If your Disaster Recovery (DR) plan consists solely of "we take nightly backups," you do not have a DR plan. You have a data graveyard. In a high-transaction environment, restoring from a backup that is 23 hours old means you have lost a full day of revenue and customer trust. That is unacceptable.

I have spent the last decade cleaning up after "theoretical" outages that became very real. Today, we are going to look at how to architect a failover solution that minimizes both RPO (Recovery Point Objective) and RTO (Recovery Time Objective), using standard tools available in our current stack: CentOS 7, MySQL 5.7, and the raw speed of NVMe storage.

Defining the Metrics: RPO vs. RTO

Before touching a single config file, define your pain threshold.

RPO (Recovery Point Objective): How much data can you afford to lose? If you need RPO near zero, you need synchronous replication.
RTO (Recovery Time Objective): How long can you be offline? If you need RTO in minutes, you need hot standbys, not cold backups.

Pro Tip: Achieving 99.999% uptime is exponentially more expensive than 99.9%. Be honest about the budget. For most SMEs in Norway, a "Warm Standby" on a secondary CoolVDS instance offers the best balance of cost versus resilience.

Step 1: The Database Layer (MySQL 5.7 Replication)

Running a single database instance is a gamble you will eventually lose. We need Master-Slave replication. In this setup, your primary VPS handles writes, and the changes are asynchronously shipped to a secondary VPS (preferably in a different availability zone or data center).

Here is the reality of my.cnf configuration in 2019. Do not stick with the defaults.

The Master Configuration

On your primary node (Node A), edit /etc/my.cnf inside the [mysqld] block:

[mysqld]
server-id = 1
log_bin = /var/lib/mysql/mysql-bin.log
binlog_format = ROW
expire_logs_days = 7
max_binlog_size = 100M

# Reliability Settings
sync_binlog = 1
innodb_flush_log_at_trx_commit = 1
innodb_buffer_pool_size = 4G  # Adjust to 70% of your VPS RAM

The sync_binlog = 1 is crucial. It forces the binary log to disk after every transaction. Yes, it creates a slight I/O penalty, but without it, a power loss means your slave is out of sync and your data is corrupt. On CoolVDS NVMe storage, this penalty is negligible due to high IOPS capabilities.

The Slave Configuration

On the secondary node (Node B):

[mysqld]
server-id = 2
relay-log = /var/lib/mysql/mysql-relay-bin.log
read_only = 1

Setting read_only = 1 prevents accidental writes to your backup. I've seen applications misconfigured to write to the backup node, creating a split-brain scenario that took three days to manually merge.

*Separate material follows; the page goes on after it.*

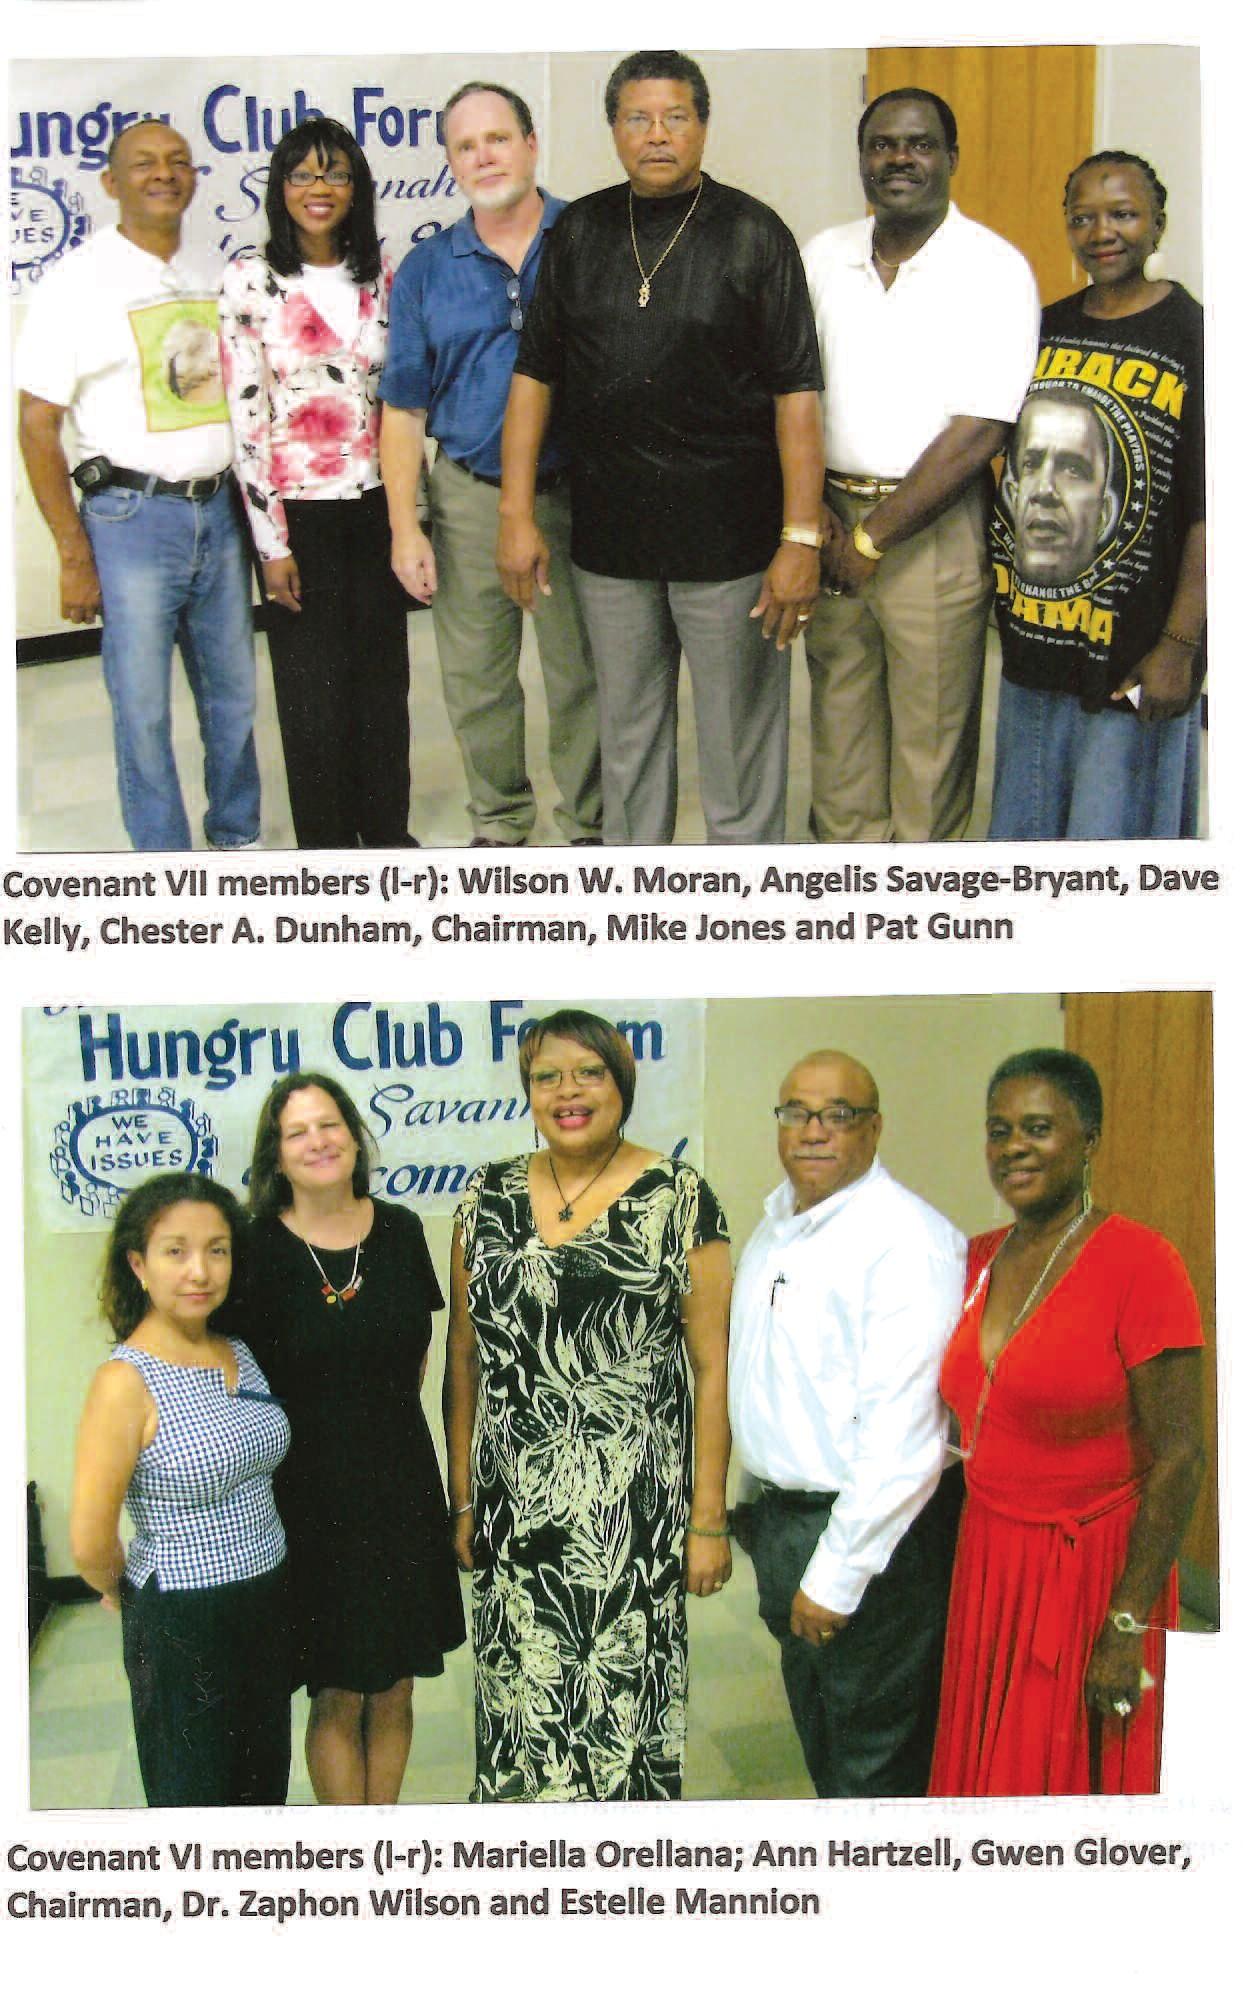 Covenant VI members(l-r): Mariella Orellana, Ann Hartzell,Gwen Glover, Chariman, Dr. Zaphon Wilson, and Estelle Mannion

Step 2: Real-Time Filesystem Synchronization

Databases are half the battle. What about user uploads, images, and config files? rsync on a cron job is the classic approach, but it creates a "gap" between the cron execution times. If the server dies at 13:59 and your cron runs at 14:00, you lose an hour of uploads.

Instead, we use lsyncd (Live Syncing Daemon). It watches the filesystem kernel events (inotify) and triggers a sync immediately when a file changes.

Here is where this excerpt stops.